REAGENT or RESOURCE SOURCE IDENTIFIER
Deposited data

Cleveland Family Study data Zhang et al. 201842; Redline et al. 199543 https://sleepdata.org/datasets/cfs
Multi Ethnic Study of Atherosclerosis data Zhang et al. 201842; Chen et al. 201544 https://biolincc.nhlbi.nih.gov/studies/mesa/

Software and algorithms

YASA Vallat and Walker 202145 https://github.com/raphaelvallat/yasa
Tensorpac Combrisson et al. 202046 https://github.com/EtienneCmb/tensorpac
Pingouin Vallat 201847 https://pingouin-stats.org/
Code for all data preprocessing and analysis This paper https://github.com/raphaelvallat/vallat2023_coupling_glucose

Resource availability

Lead contact

Further information and requests for resources and reagents should be directed to and will be fulfilled by the lead contact, Raphael Vallat (raphaelvallat9@gmail.com).

Materials availability

This study did not generate new materials.
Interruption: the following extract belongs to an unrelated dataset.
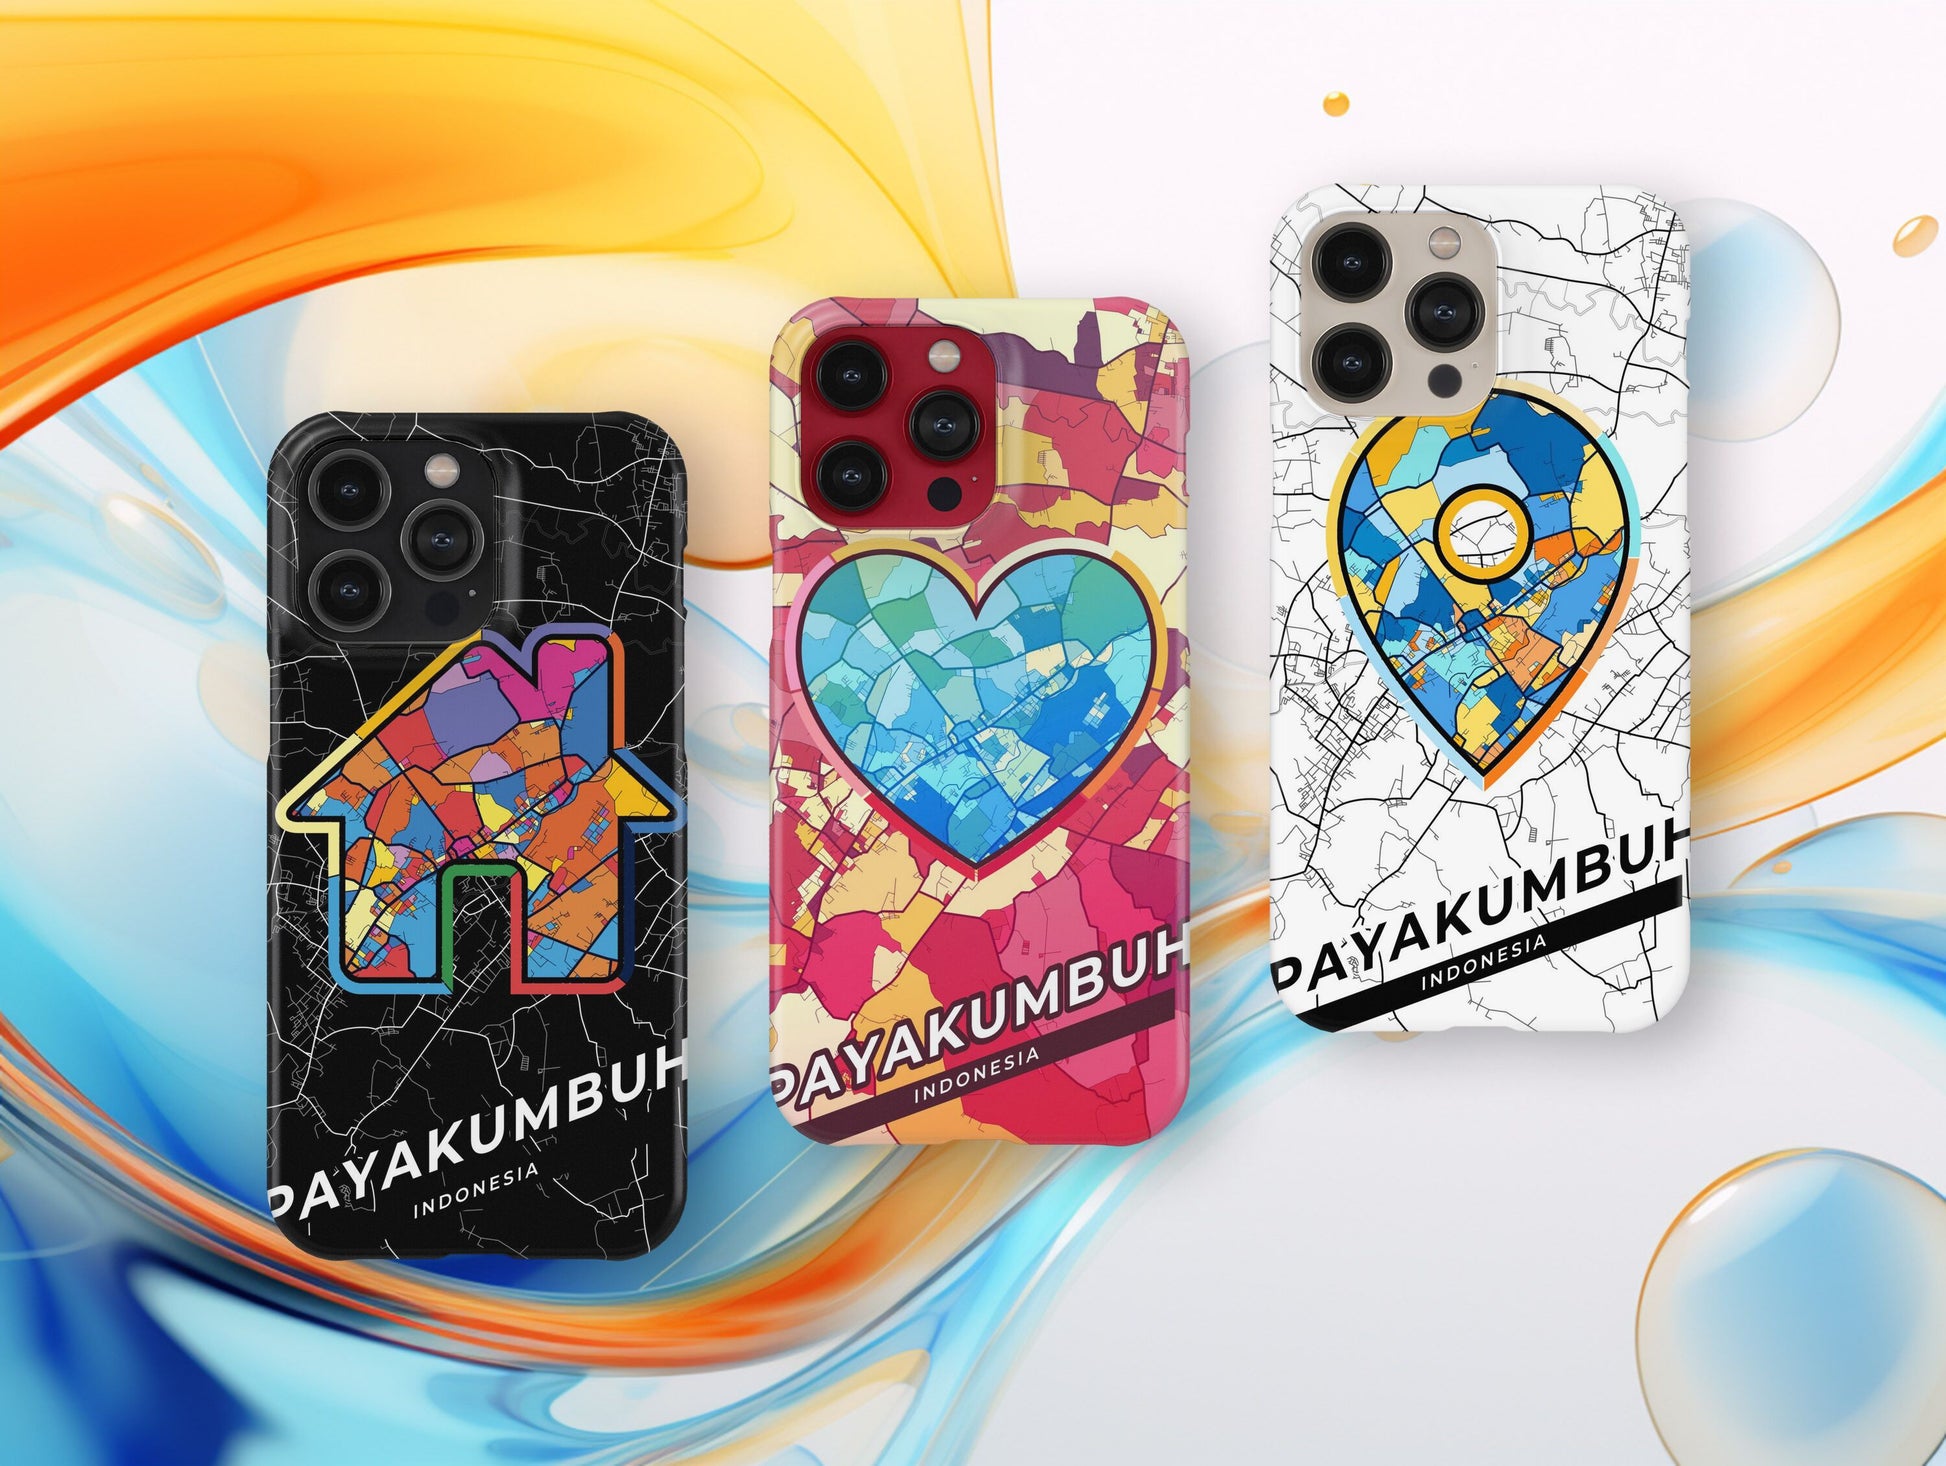 Payakumbuh Indonesia slim phone case with colorful icon
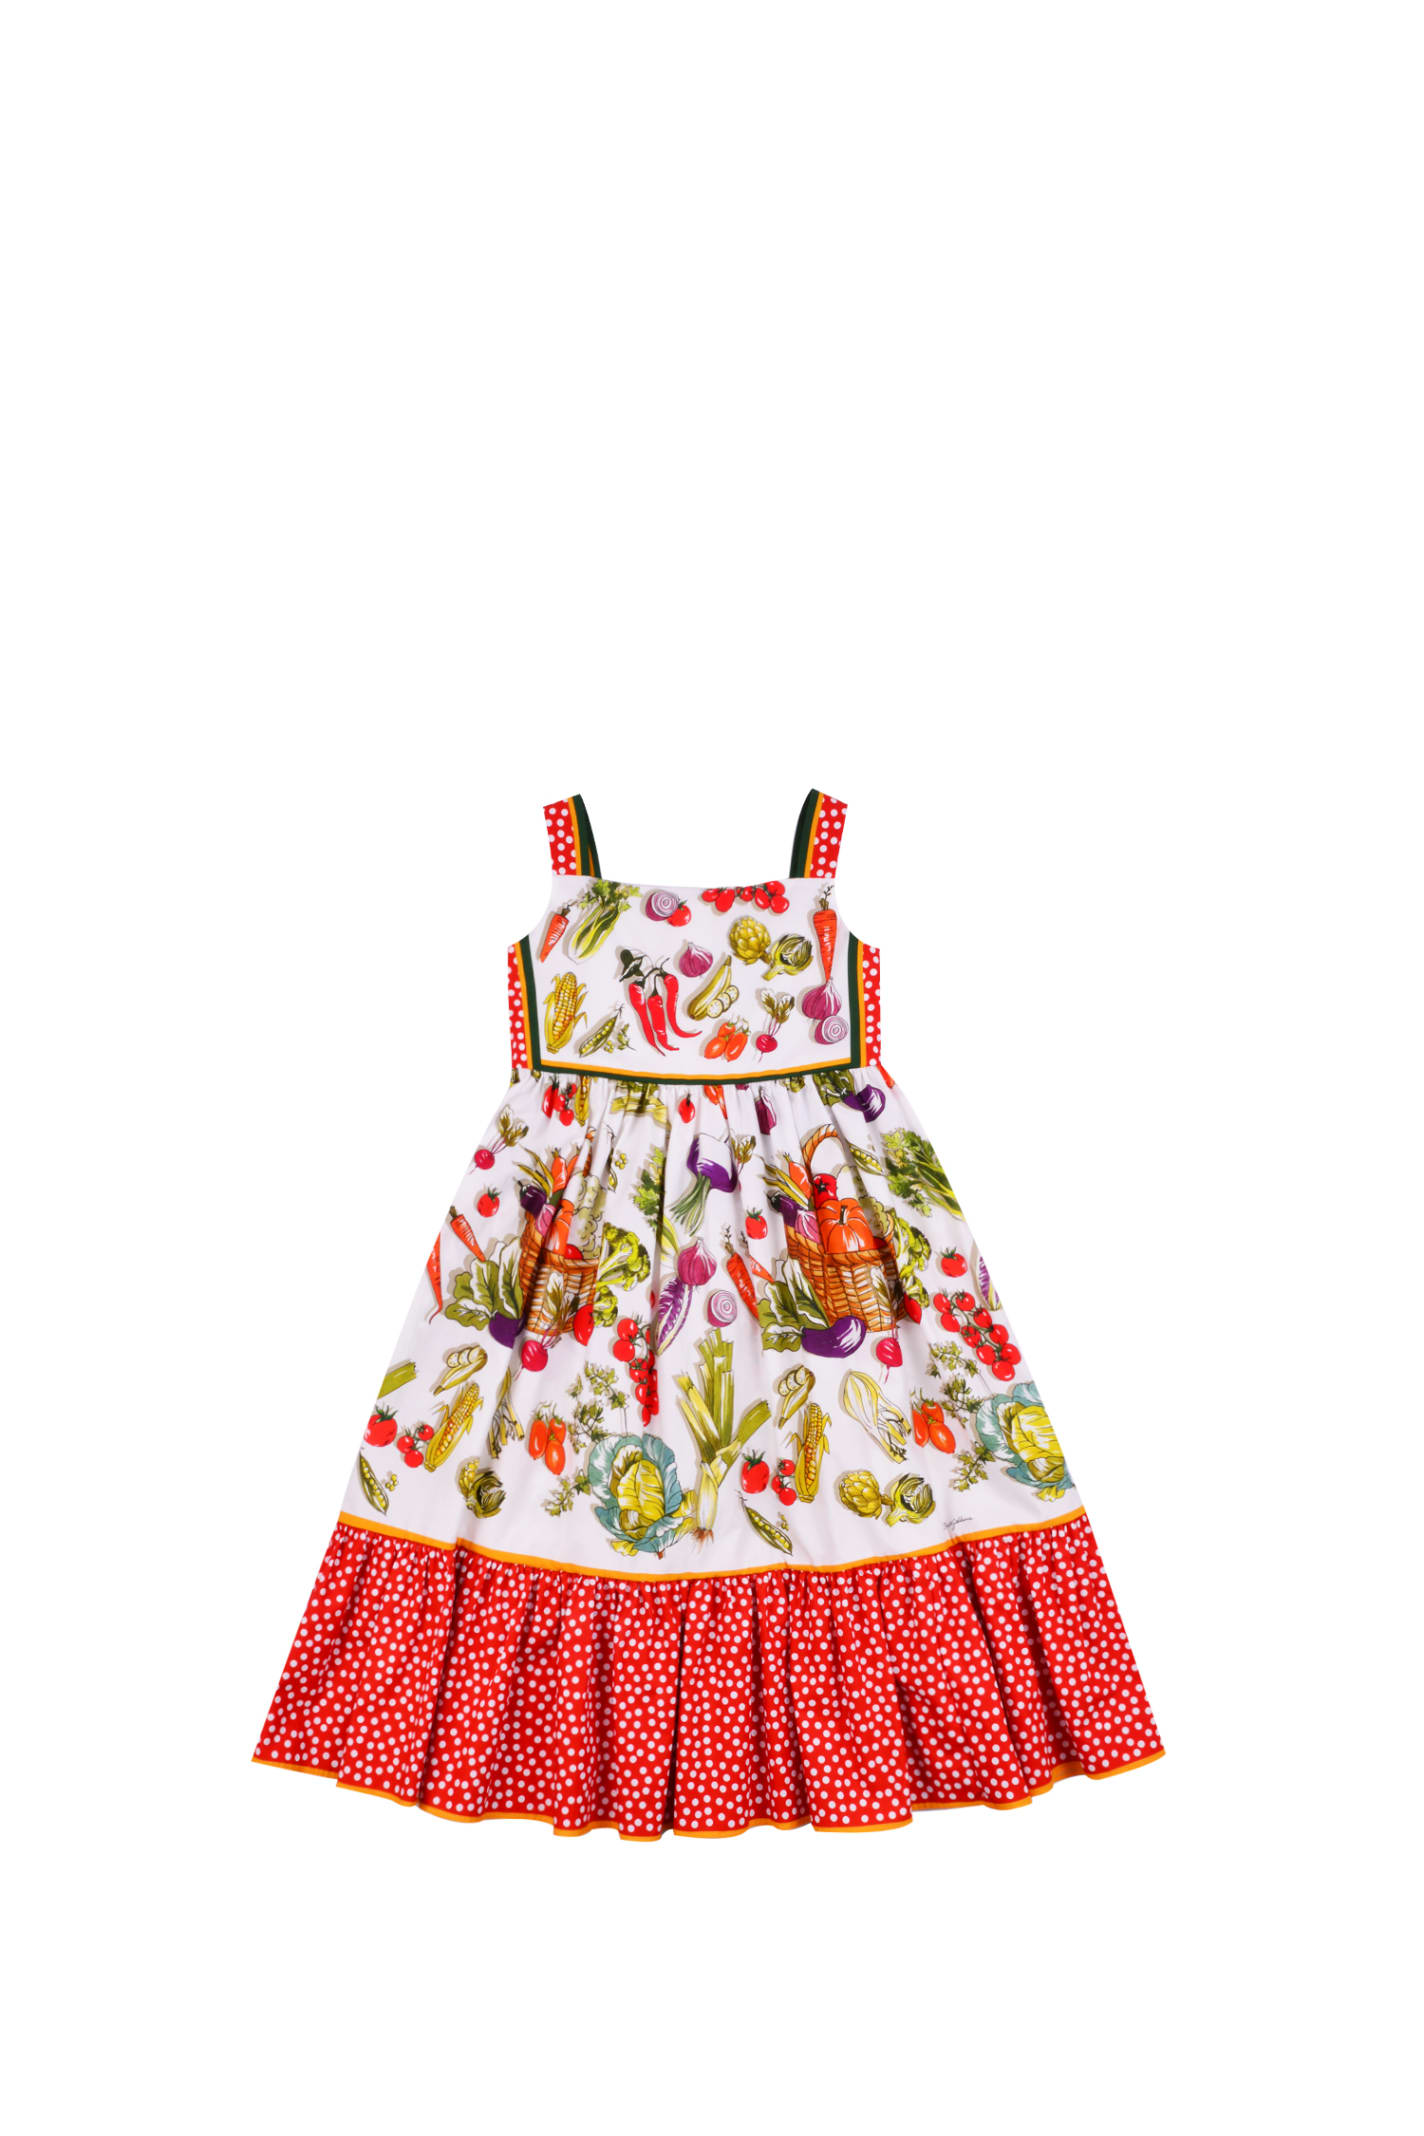 Dolce & Gabbana Vegetable Print Poplin Dress

Experimental model and subject details

Two independent cohorts were used to test the hypothesis. The first (main cohort) was the Cleveland Family Study data set (CFS;42,43), and the second (replication cohort) was the Multi-Ethnic Study of Atherosclerosis (MESA;21) data set. Both the CFS and the MESA datasets followed the guidelines of the National Sleep Research Resource (NSRR), and Institutional Review Board (IRB) approval was obtained at each study site.

The former Cleveland Family Study (CFS) data set is a longitudinal family-based epidemiological study of sleep apnea with over 2400 participants. Families were selected based on the presence of a proband diagnosed with Obstructive Sleep Apnea (OSA;48). Neighboring families without a diagnosis of OSA were used as controls. A subset of 728 participants was selected for a study that involved collecting sleep, cardiovascular and metabolic measures, between July 2001 and June 2005 (visit 5). Prepubertal children were excluded from subsequent analyses by using 15 years old as the cut-off age (n = 73, 655 participants remaining). The protocol was approved by the institutional review boards of the local hospitals from where the participants were recruited. All participants provided informed written consent.

The latter Multi-Ethnic Study of Atherosclerosis (MESA21) data set is a multi-center, longitudinal investigation of factors associated with the development of cardiovascular disease. There have been five follow-up visits to date, approximately once every two years. All participants provided written informed consent and all MESA activities were approved by the institutional review boards of the participating institutions. All subsequent analyses are based on the MESA Exam 5, which was collected from 2010 to 2013.

Method details

Measurement of glycemic levels, insulin sensitivity and health covariates

CFS

Fasting glucose and insulin values were derived from all individuals (n = 728) using blood samples collected via venipuncture at 7 A.M. on the morning after PSG.48 In non-diabetic participants (n = 596), this was followed by the administration of an oral glucose tolerance test (OGTT). During the oral glucose tolerance test, participants orally consumed 75 grams of anhydrous glucose, and glucose levels were measured 2 hour later via venipuncture. OGTT values were measured as 2 hour post glucose serum load (in mg/dl). Impaired glucose tolerance criteria were defined by self-reported use of diabetes medication, as fasting glucose ≥110 mg/dL, or as 2 hour post glucose serum load ≥140 mg/dL. A square root transformation was used to reduce skewness in fasting and postprandial glucose levels and thus minimize the influence of outliers, consistent with prior assessment measures.37

Insulin resistance and pancreatic beta cell function were quantified using the standardized homeostasis assessment model (HOMA-IR and HOMA-B respectively) scores. HOMA-IR was calculated as fasting serum insulin multiplied by fasting plasma glucose (in mg/dL), divided by 405, as described previously.22,23,49 HOMA-B was calculated as fasting serum insulin multiplied by 360, divided by fasting plasma glucose (in mg/dL) minus 63.22,24 HOMA-IR and HOMA-B values were then log transformed to reduce skewness, consistent with standard practices.50,51 High scores indicate low insulin sensitivity, or high insulin resistance.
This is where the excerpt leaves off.